In research thought to be the world’s first, biomedical engineers from the Witz University have connected the human brain to the internet in real time.
Researchers at Wits University have linked a human brain directly to the Internet. The data collected from this project could help pave the next steps in learning machines and brain-computer interfaces.
The project has been dubbed as “Brainternet” and essentially turns the brain into an “Internet of Things” (a network of connected physical objects) within the World Wide Web.
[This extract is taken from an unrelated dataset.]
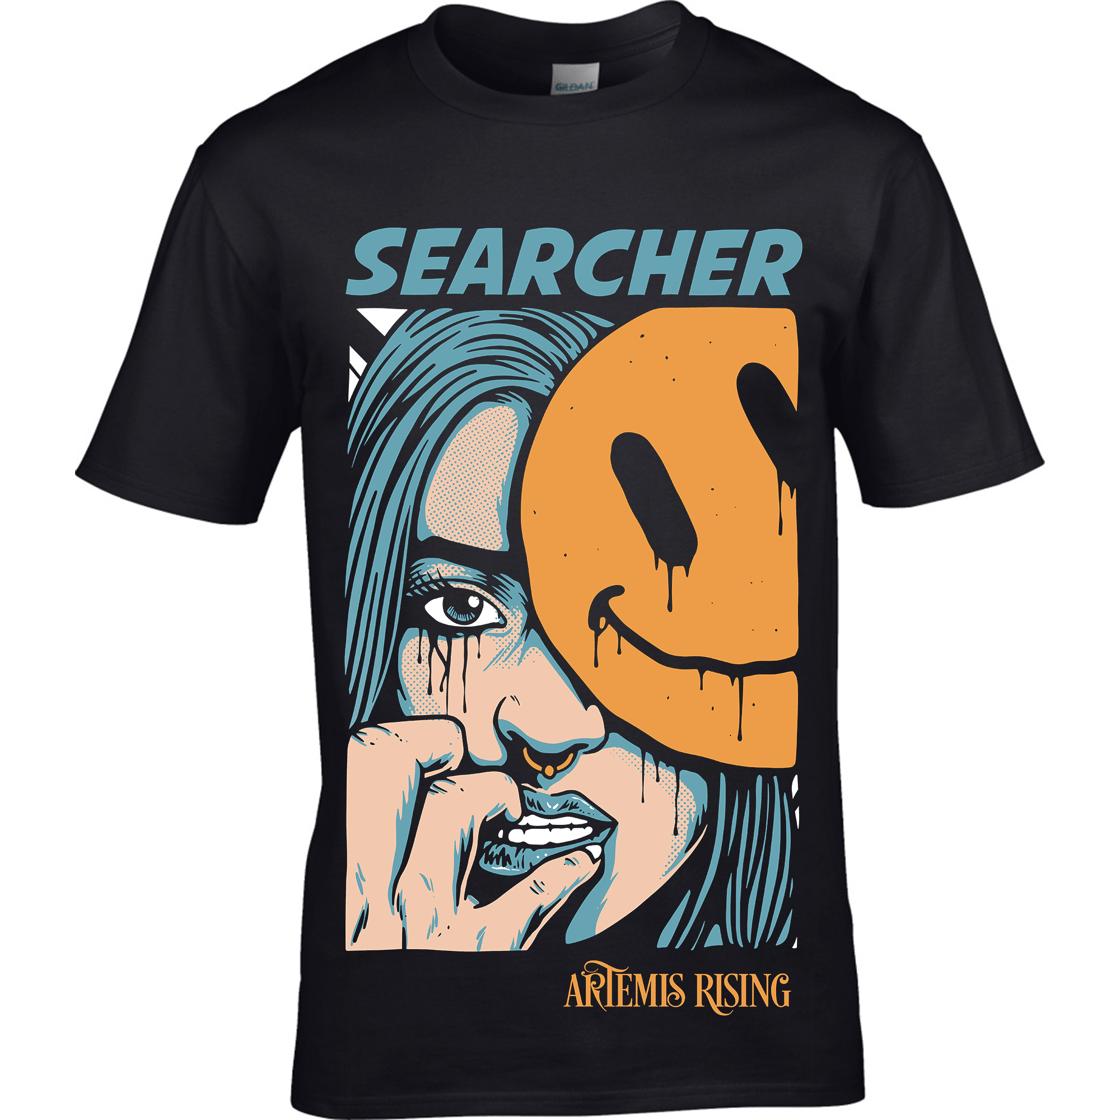 Image of Artemis Rising Searcher Shirt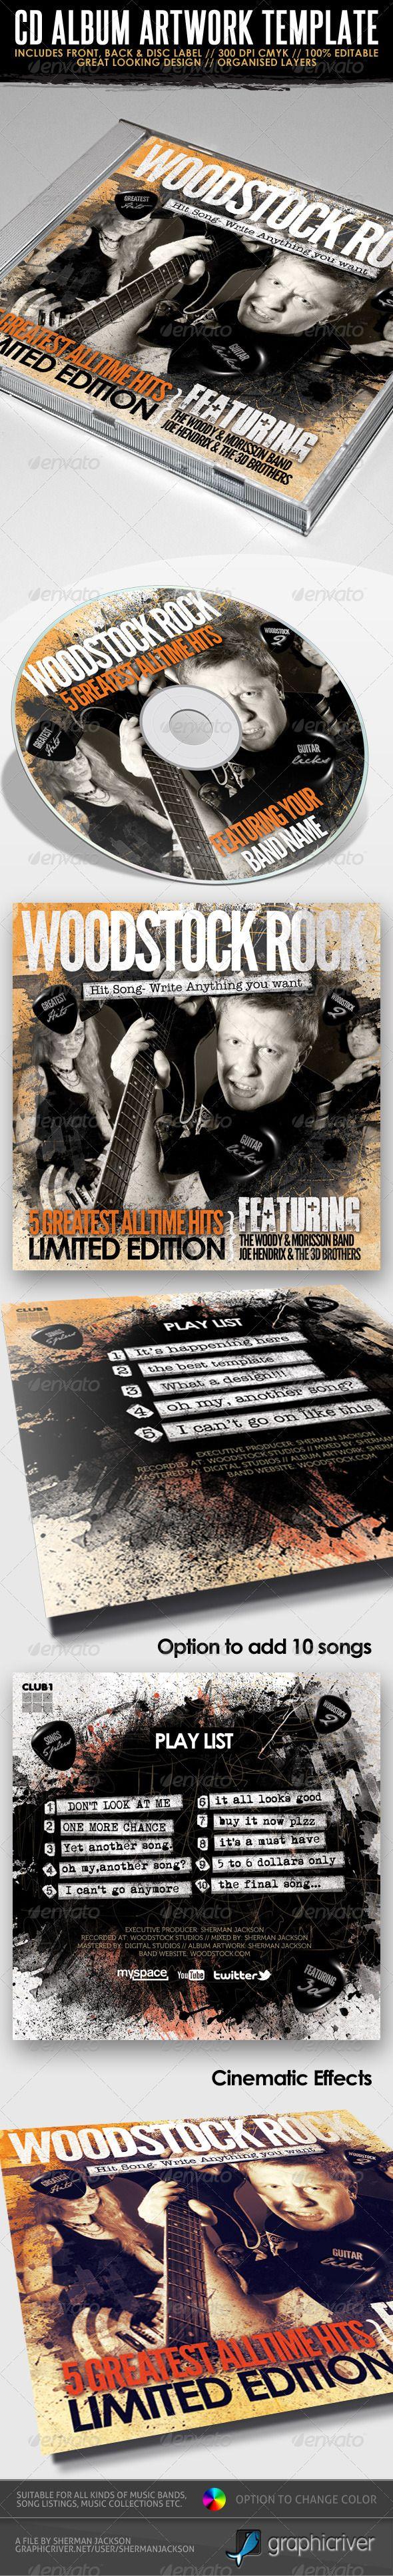 Woodstock Rock Compilation CD #Artwork #PSD - #CD & DVD #Artwork #Print #Templates Download here: https://graphicriver.net/item/woodstock-rock-compilation-cd-artwork-psd/2492902?ref=alena994

The project works through electroencephalography (EEG) signals from brain waves gathered by a device connected to the user’s head, a statement said reads on the website of Medical Express.
The signals are transmitted to a low-cost Raspberry Pi computer, which communicates them to the application’s interface, visualizing an open internet site, where anyone can view its activity.
What does this mean? Well, basically its a special window into someone else’s neural activity that has open access.
While this may not sound as much, it is a major breakthrough which paves the way for future technologies such as advanced artificial intelligence.
“Ultimately, we’re aiming to enable interactivity between the user and their brain so that the user can provide a stimulus and see the response,” project coordinator Adam Pantanowitz, a lecturer in the Wits School of Electrical and Information Engineering, said in a statement.
Quote:Pantanowitz adds that “Brainternet can be further improved to classify recordings through a smartphone app that will provide data for a machine-learning algorithm.”
Essentially, this means that in the near future, “there could be information transferred in both directions – inputs and outputs to the brain,” says Pantanowitz.